Should you have missed our Intro and Experiment 1: here you go…

Historically, anti-ageing diets are no inventions of the 21st century. However, over the last few decades they have become increasingly scrutinised and, to some extent, democratised. So whether they are based on older traditions (e.g. the so-called Blue Zone diets) or more recent research (e.g. Atkins or Keto) and variations thereof, they promise rejuvenation beyond any potential weight loss. In contrast, some interventions do not offer a comprehensive approach, but only recommend changing certain eating habits, such as avoiding sugar or refined carbohydrates, or consuming certain nutrients, such as berries, nuts, seeds or spices.

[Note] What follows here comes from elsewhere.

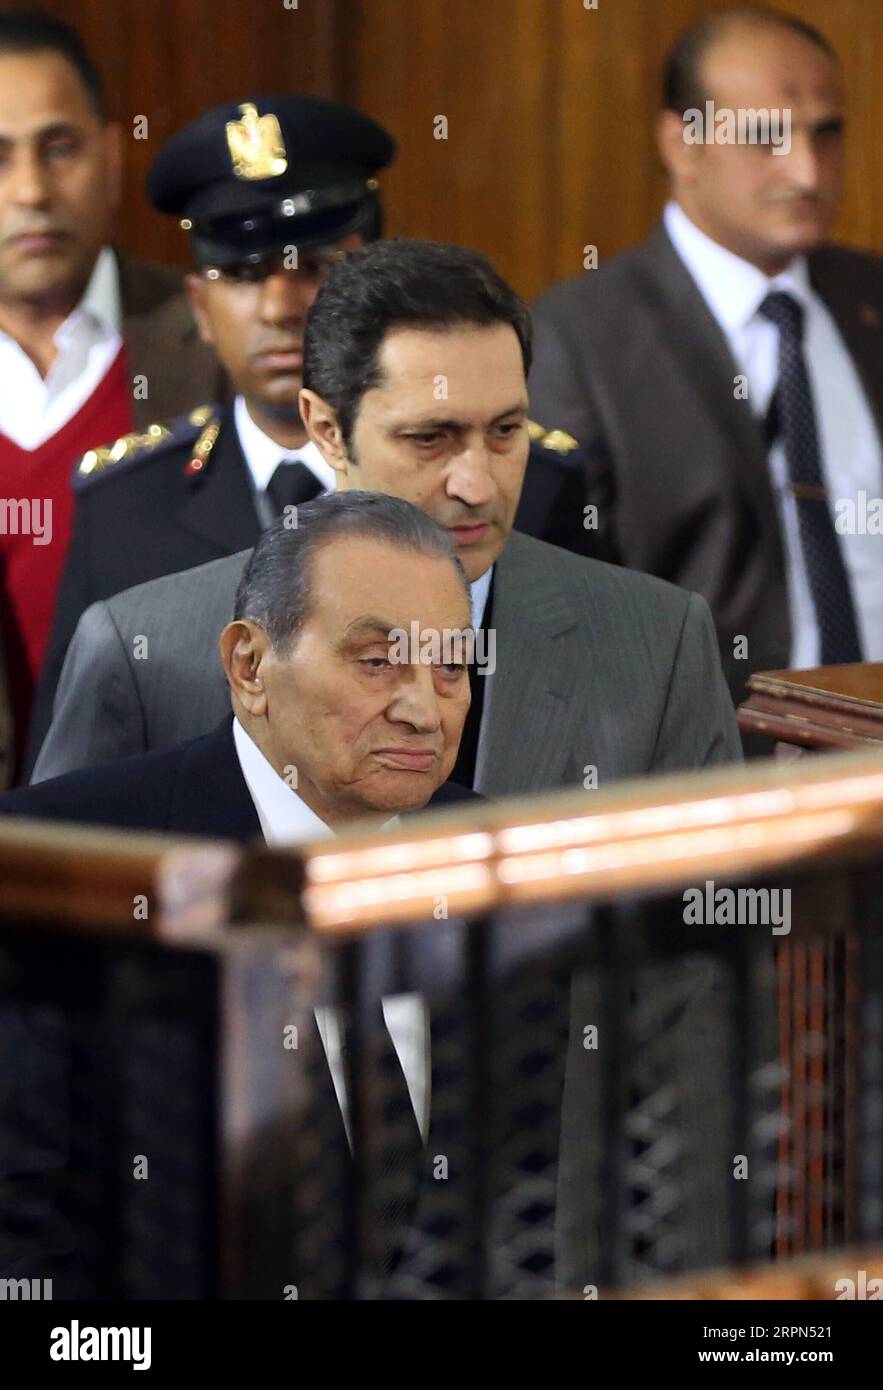 200222 -- CAIRO, Feb. 22, 2020 -- File photo taken on Dec. 26, 2018 shows Alaa Mubarak 2nd R and his father, ousted Egyptian president Mohamed Hosni Mubarak front, in a court in Cairo, Egypt. An Egyptian court acquitted on Saturday Alaa and Gamal Mubarak, the sons of ousted Egyptian president Mohamed Hosni Mubarak, in a corruption case, state-run Ahram Online news website reported.  EGYPT-CAIRO-SONS OF EX-PRESIDENT MUBARAK-CORRUPTION CHARGES AhmedxGomaa PUBLICATIONxNOTxINxCHN Stock Photo
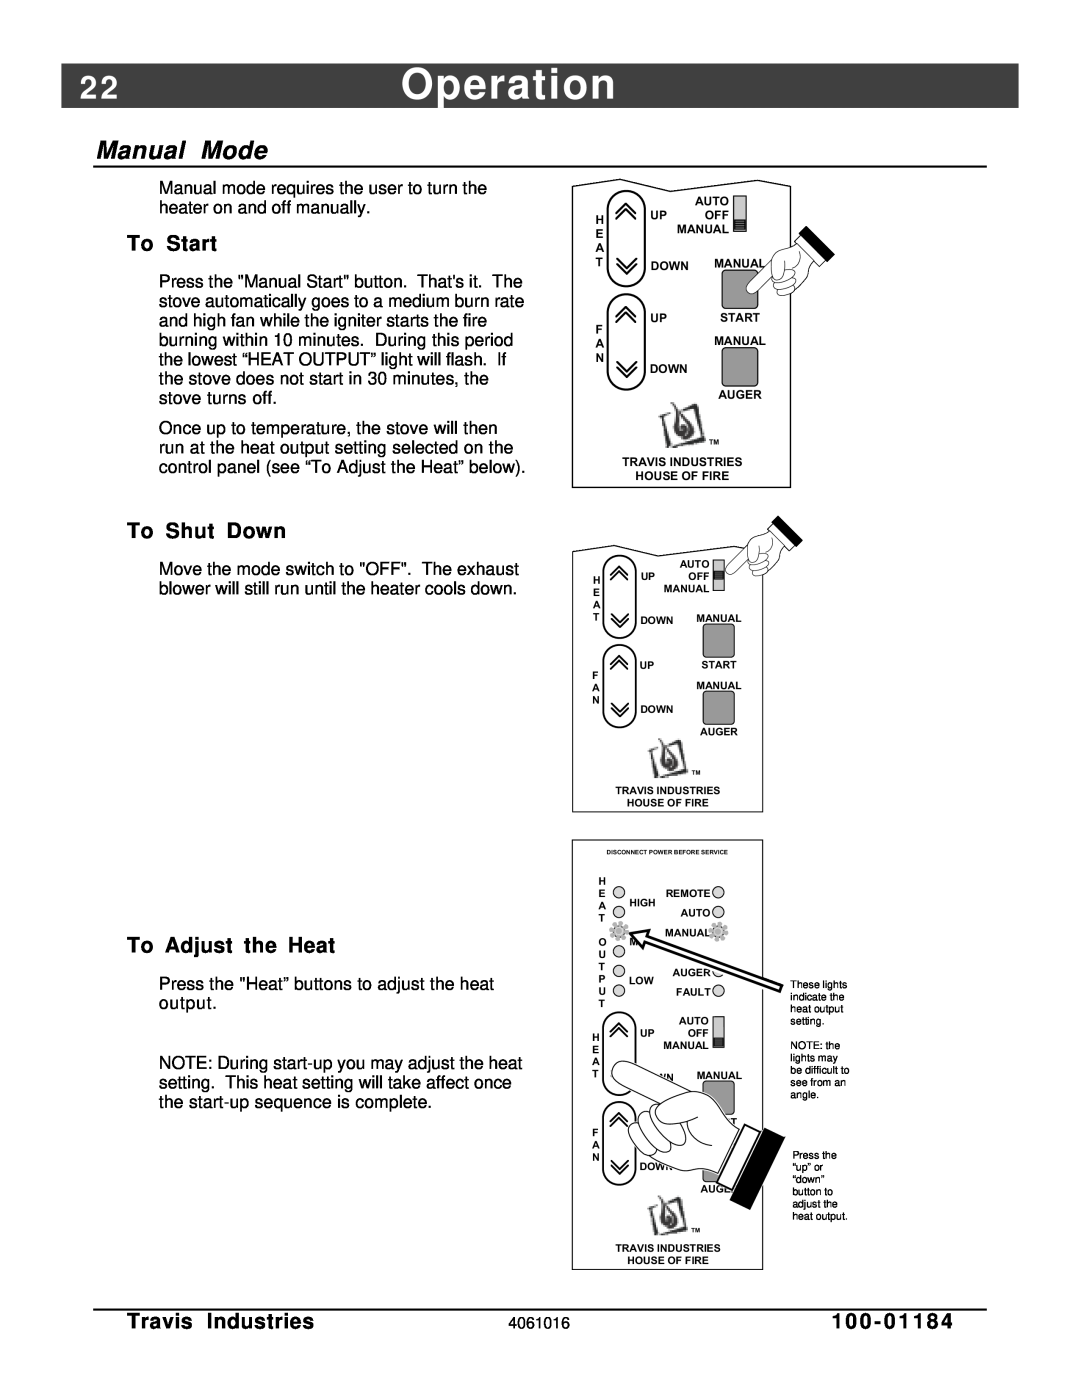 Lopi Leyden Pellet Stove manual 2 2Operation, Manual Mode, To Start, To Shut Down, To Adjust the Heat, Travis Industries

There are already a few scientific studies that have demonstrated the positive effects of fasting, caloric restriction, time-restricted feeding as well as the Mediterranean diet on human biological age (cf. e.g., Waziry et al. 2023) − beyond potential weight loss. However, until now, most studies have been carried out on smallish, relatively homogeneous cohorts. Depending on the design of the diet (and the study), it is also difficult to distinguish the effects of caloric restriction versus the influence of certain foods or food groups. Moreover, findings remain rather paradoxical in terms of biological ageing: for instance, both carbohydrate-rich and carbohydrate-poor diets can have a positive effect on the biological clock (personal genotype could be playing a salient role here…). Finally, it remains unclear to what extent potential benefits are sustainable over the long-term.

As Matt Kaeberlein put it in an interview with Inverse (19.11.2021) “Diets are the dirtiest drug you can imagine because they are changing thousands of things”. Inverse author goes on to say “What Kaeberlin means is that the things we put— or don’t — put in our bodies do have material effects on our biology from the molecular level up. At the same time, our genetic makeup comes into play, further twisting our personal physiological responses to diet.”  

So, please keep all this in mind when taking a look at our little experiment and using our robust epiAge test (13 CpGs)!

Today’s test person (N=1; M; chronological age: 31,50; height: 175 cm; weight 90 kg, BMI: 29,4) experienced an impressive decline in biological age (over 3 years) while attempting a ketogenic diet over a period of 100 days. The weight loss was no less impressive: he was able to shed 12 kg!  

Graph: epigenetic age deceleration within 100 days on keto-diet

Of course, this is a totally anecdotal finding and we do not explicitly recommend you try to imitate this feat. But we would be very curious to hear if your diet experiments correlate – at least to some extent – with the findings presented here!

Stay tuned for the next epiAge Experience experiment….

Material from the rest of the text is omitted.